Metadata-Version: 2.1
Name: physfit
Version: 0.9.0
Summary: Function fitting with errors on x and y
Author-email: Daniel Wagenaar <daw@caltech.edu>
Project-URL: Homepage, https://github.com/wagenadl/physfit
Classifier: Programming Language :: Python :: 3
Classifier: License :: OSI Approved :: GNU General Public License v3 or later (GPLv3+)
Classifier: Operating System :: OS Independent
Requires-Python: >=3.8
Description-Content-Type: text/markdown
License-File: LICENSE
Requires-Dist: numpy
Requires-Dist: scipy

# physfit — Function fitting with errors on both x and y

## Introduction

This package provides a simple framework for fitting functions to
two-dimensional data.
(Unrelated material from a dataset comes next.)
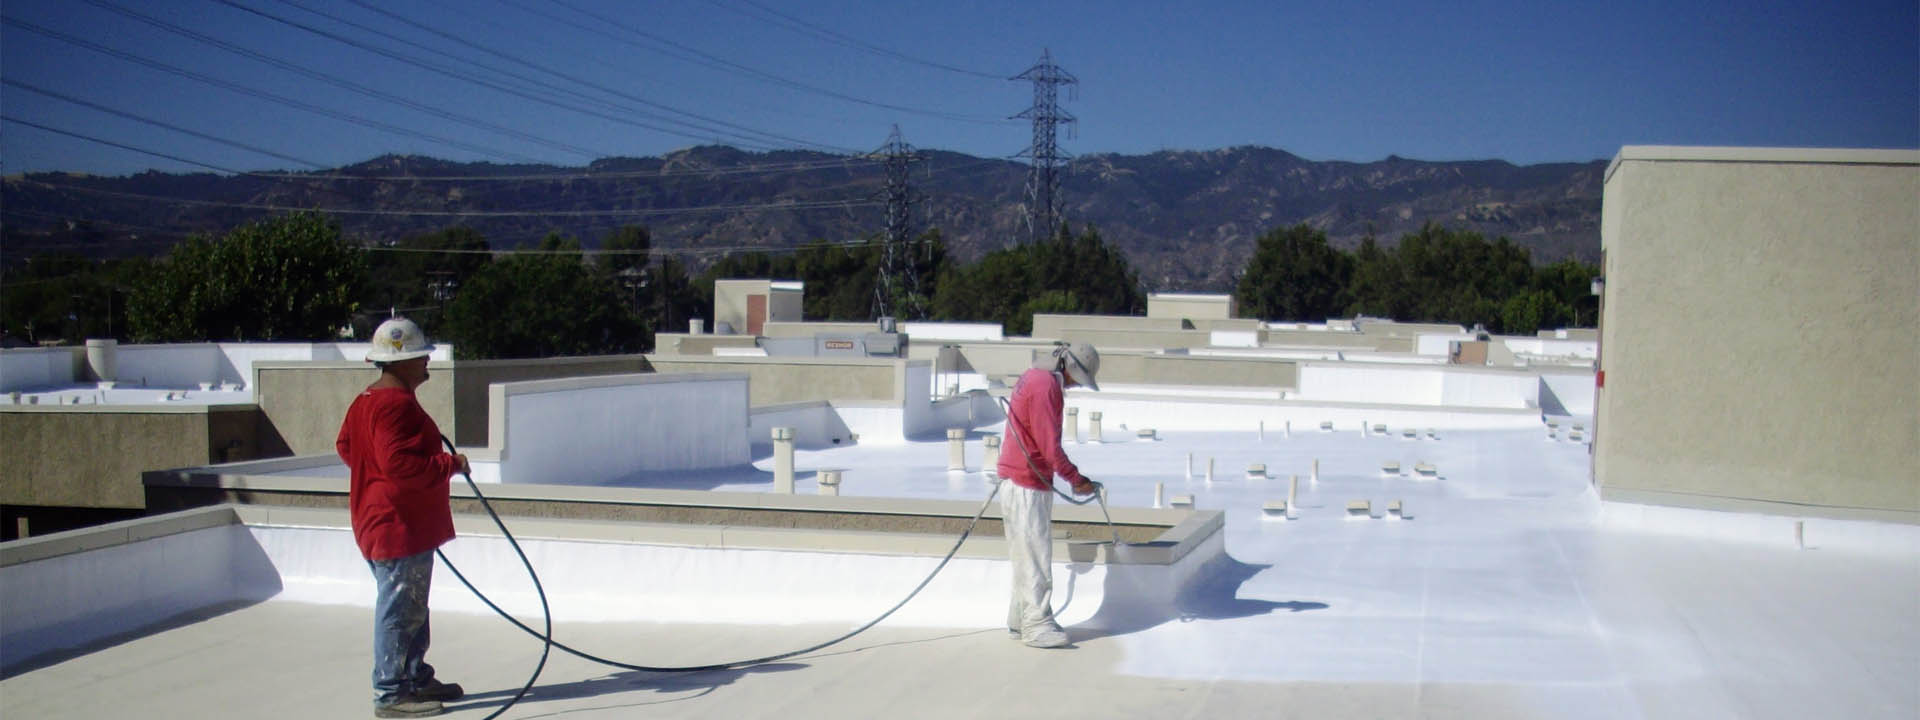 Commercial Roofing Systems Roof Coatings Stone Roofing

It allows you to specify uncertainties not only
on y-coordinates, but also on x-coordinates.

### Example of use

Usage can be as simple as 

    import physfit
    physfit.fit("linear", xx, yy)
    
A range of standard function forms is provided (the most basic being
“linear”, i.e., _y_ = _A_ _x_ + _B_).

### Use with arbitrary functional forms

You can also specify your own arbitrary function form along with an
initial estimate of parameter values, as in:

    physfit.fit(lambda x, A, B: A*x + B, xx, yy, p0=[1, 0])
    
(although in this example, you could have just used
“linear”).

### Specifying uncertainties

With physfit, it is particularly easy to specify measurement
uncertainties on each of your data points:

    physfit.fit("exp", xx, yy, sy=sy)
    
If `sy` is a vector of uncertainties on _y_, this causes each point
to be individually weighted accordingly. Uncertainties on _x_ can
likewise be specified as `sx`. It is even possible to specify the
covariance between _x_ and _y_ errors using `sxy`.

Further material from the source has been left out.